A non-rotationally symmetric encapsulation shape – which takes advantage of the low reflection coefficient for transverse magnetic polarized light near Brewster’s angle – designed to enhance extraction of a particular desired linear polarization from an unpolarized source is reported. The algorithm for optimization of the shape is described. Numerical ray-tracing simulations of the encapsulation shape are performed and predict an integrated enhancement of 8.3% in the ratio of desired polarization to undesired polarization when the refractive index of the encapsulant is 1.5. Experimental measurements of fabricated encapsulant shapes agree well with numerical predictions.

©2007 Optical Society of America

1. Introduction

Polarized light sources are highly desirable for many applications including high-contrast imaging [1, 2], noise reduction in free-space optical communications [3], and liquid crystal display (LCD) backlighting [47]. In these applications, a single linear polarization is desired and the orthogonal polarization may be considered undesirable. However, semiconductor light-emitting diodes (LEDs) – which are attractive for many of these applications – are generally considered to be unpolarized sources, despite the polarization characteristics that can be present in unpackaged LED chips [8, 9]. The unpolarized nature of light emitted by conventional packaged LEDs results from the design of secondary optics such as reflectors and encapsulation shapes. Here we demonstrate that the encapsulation shape used for an LED or any other light source can be designed specifically to increase extraction of a particular desired linear polarization.

In packaged devices, the LED chip is typically encapsulated with a transparent material that has a refractive index greater than that of air, which decreases the fraction of light generated in the high-refractive-index semiconductor that is trapped by total internal reflection. The encapsulation shape generally exhibits rotational symmetry; when used with an unpolarized source, a rotationally symmetric encapsulation shape results in equal output for both desired and undesired polarization. When only a single linear polarization is desired, however, encapsulation shapes without rotational symmetry can be designed to increase the extraction efficiency of the desired polarization.

2. Concept and algorithm for generating encapsulation shape

The principle of the polarization-enhancing encapsulation shape is based upon the low reflection coefficient near the Brewster angle for transverse magnetic (TM) polarized light. The cross section of the optimized shape is easy to visualize. Consider a light source with the encapsulation cross section as shown in Fig. 1. Above the light source in the xy-plane is a polarizer which allows x-polarized light to pass and blocks y-polarized light. For any ray that can be drawn from the light source to the encapsulation surface, the angle between the incident ray and the normal to the surface is the Brewster angle. Light that is polarized within the xz-plane – which can pass through the polarizer – is TM with regard to the surface and does not experience reflection when it strikes the interface because it is incident at the Brewster angle. Any encapsulation shapes where the incident angle is different from the Brewster angle will result in reflections for xz-polarized light and lower extraction efficiency. Light polarized in the y-direction – which is blocked by the polarizer – is transverse electric (TE) polarized with regard to the surface, and does undergo some reflection at the interface. Therefore, the encapsulation shape shown in Fig. 1 increases the extraction efficiency for the desired linear polarization when compared to a conventional encapsulation shape. As a result, light leaving the encapsulation will be partially polarized even when the light source itself is completely unpolarized.

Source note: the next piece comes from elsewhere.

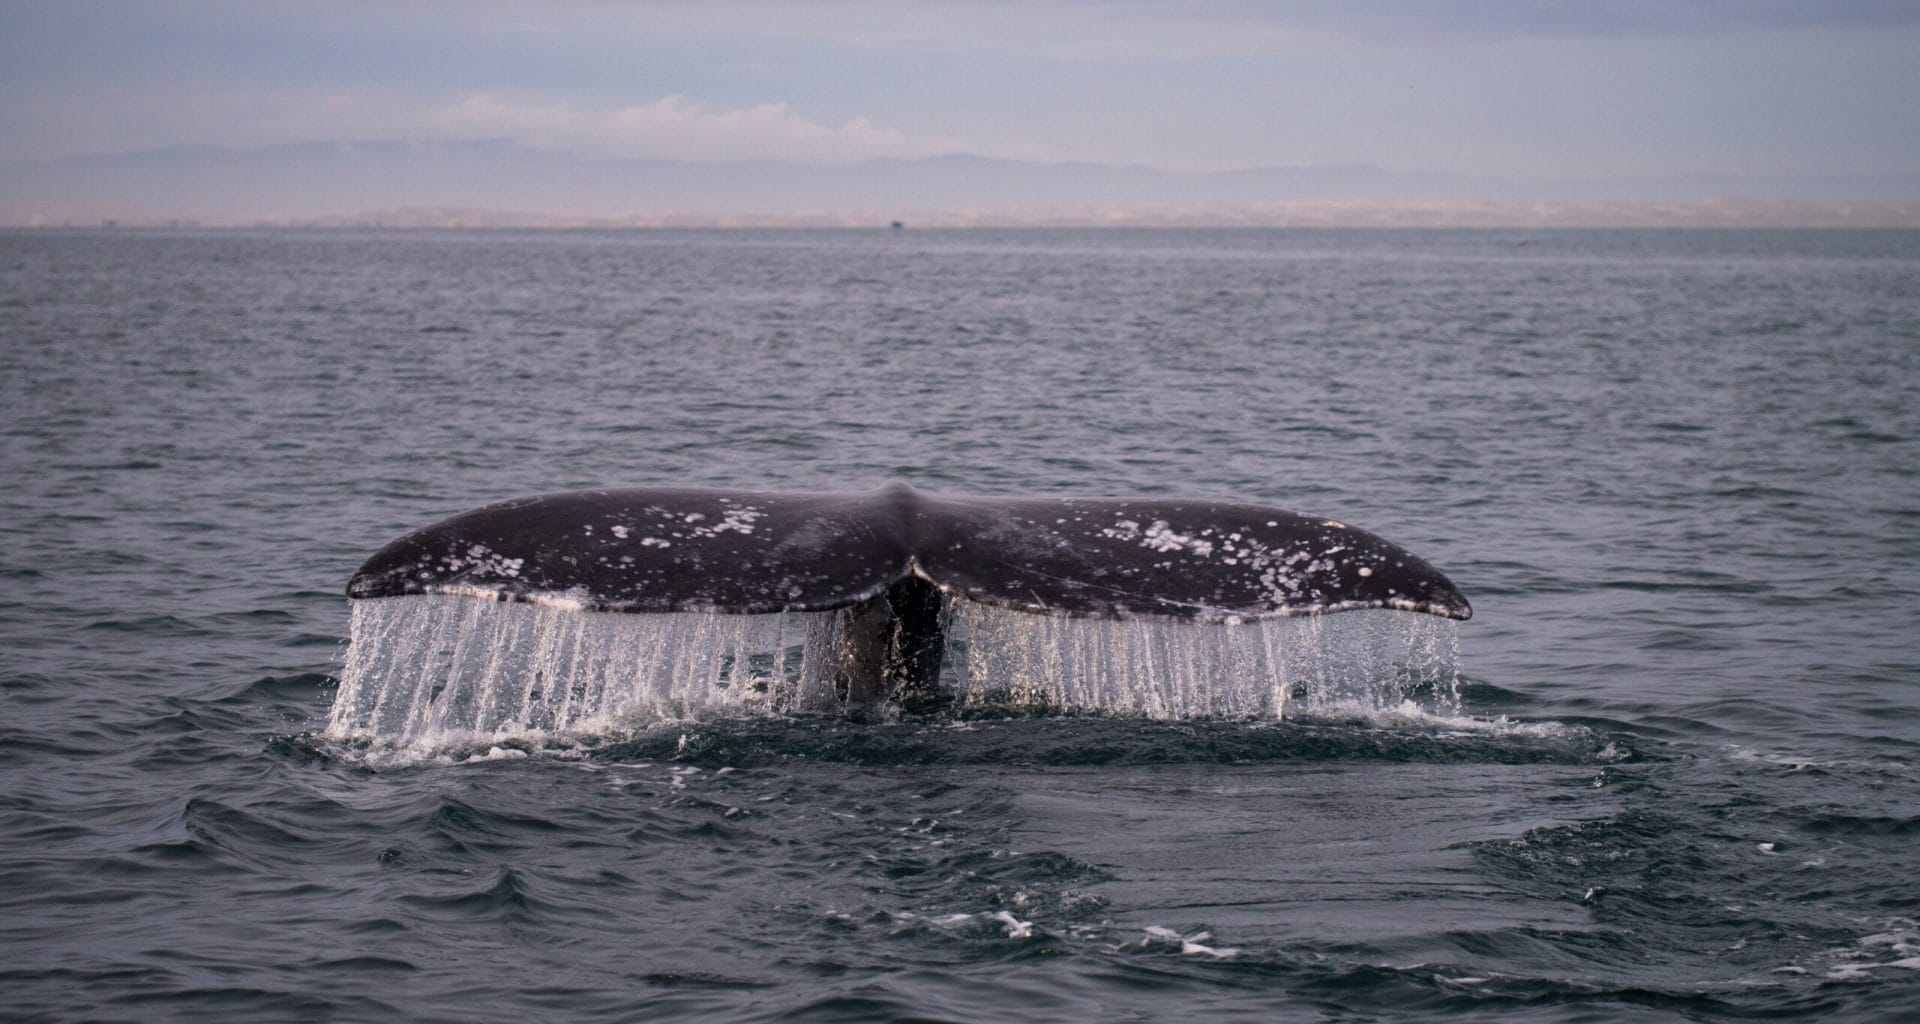 Cola de ballena color negro saliendo del mar.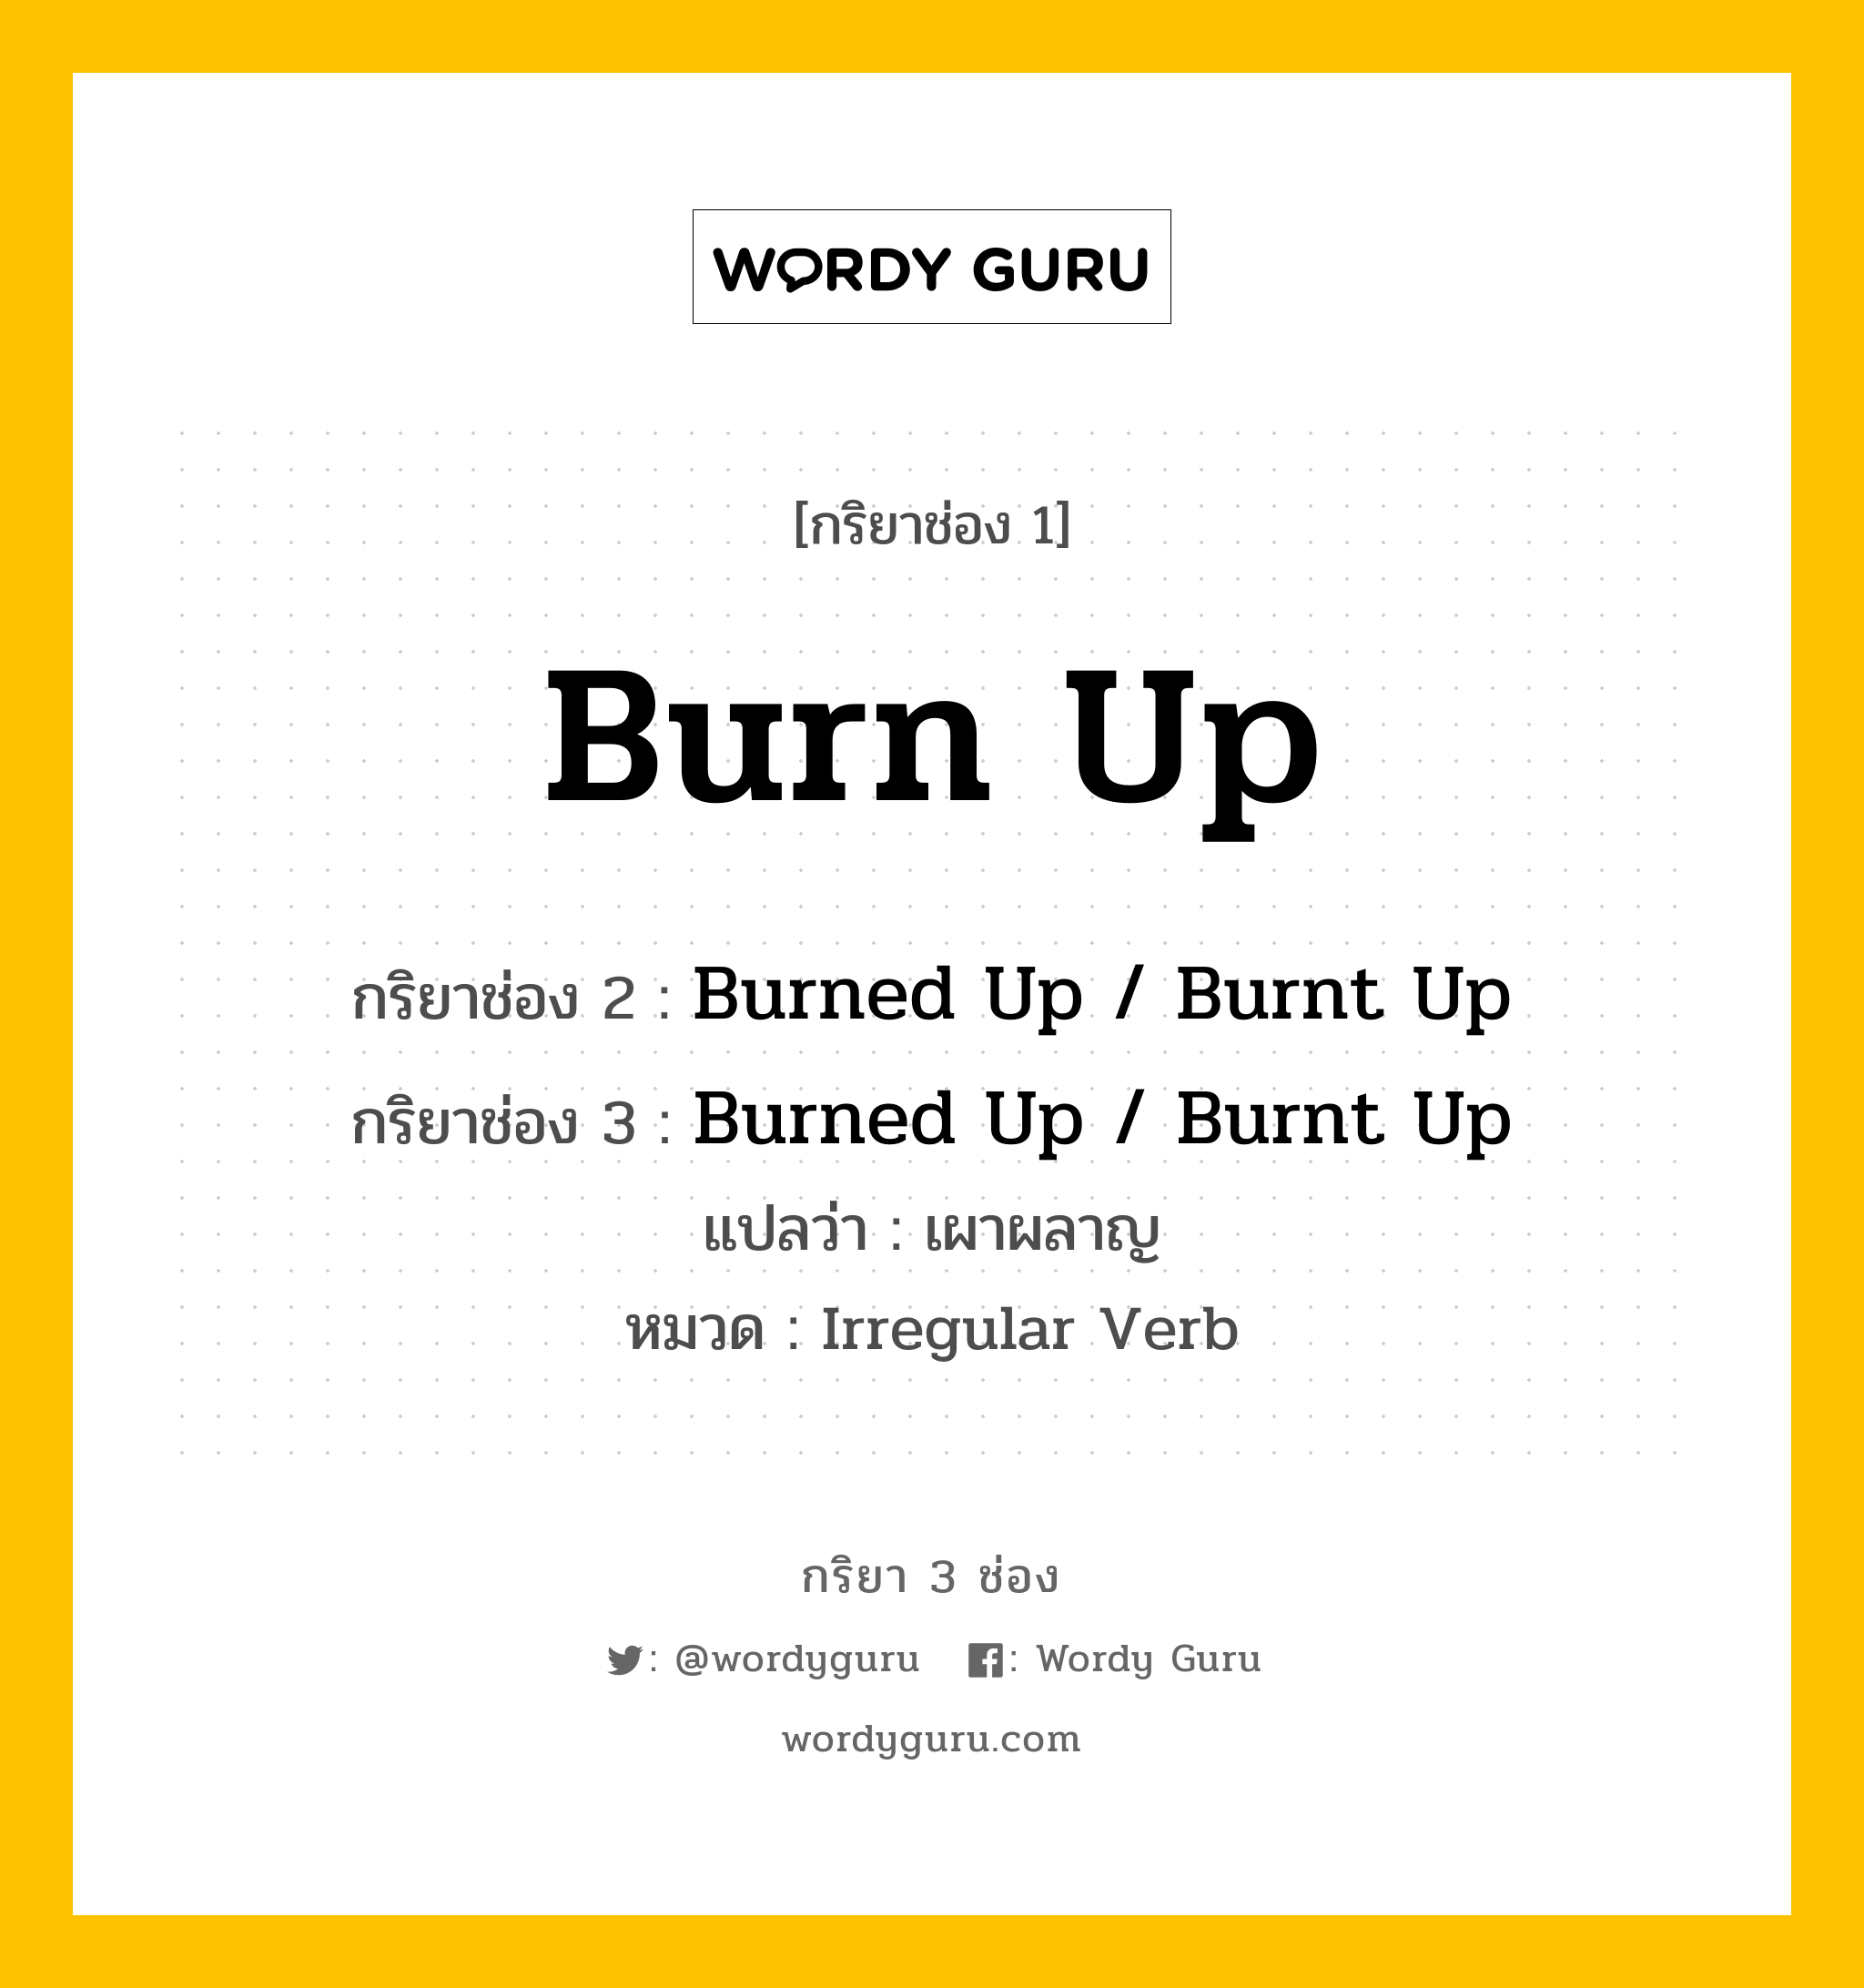 กริยา 3 ช่อง ของ Burn Up คืออะไร? มาดูคำอ่าน คำแปลกันเลย, กริยาช่อง 1 Burn Up กริยาช่อง 2 Burned Up / Burnt Up กริยาช่อง 3 Burned Up / Burnt Up แปลว่า เผาผลาญ หมวด Irregular Verb หมวด Irregular Verb

The three dimensional optimized structure is numerically determined as follows. An unpolarized, isotropic point-like light source is assumed to be located at the origin. The point source approximation is valid as long as the surface area of the emitter is small compared to the dimensions of the encapsulation. Because of symmetry, it is sufficient to calculate only one quarter of the structure. The surface of the encapsulation is defined in terms of a rectangular grid of points in spherical coordinates in which the azimuthal angle θ and zenith angle ϕ for each point are fixed and spaced at regular intervals. The radial coordinate r is initially unknown. For the point directly above the light source, r is set equal to the unit length. A single line of points on the mesh for which θ is fixed is now calculated. For each point on this line other than ϕ=0, two new points (θθ, ϕ) and (θθ, ϕ) are considered. A triangle can be formed between the ϕ=0 point and the two new points with adjacent ϕ value. The calculation now considers an unpolarized beam which travels through the center of the three rays formed between the origin and the three triangle vertexes. The pair of r-values which maximizes transmission of this beam through a linear polarizer that lies in the xy-plane and allows light polarized in the x-direction to pass is found. Once r has been found for these two points, it is possible to form four distinct triangles between the two points with newly found r and the two points with the next ϕ value. The pair of r-values which simultaneously maximize transmission through the linear polarizer for beams traveling through the center of each of the four triangles is then found. This process continues until all the points on the line have been found. The values of r for the points (θ, ϕ) on the line are then found by averaging r for the points (θθ, ϕ) and (θθ, ϕ). This process is repeated until all the points on the mesh have been calculated. The entire encapsulation shape is formed by appropriately rotating and reflecting the known quarter structure. A wireframe view of the optimized encapsulation shape is shown in Fig. 2.

 figure: Fig. 1.

Fig. 1. Cross section of encapsulation shape which enhances extraction of a light polarized in the xz-plane. The angle between the normal to the surface and the incident beam in all cases is Brewster’s angle.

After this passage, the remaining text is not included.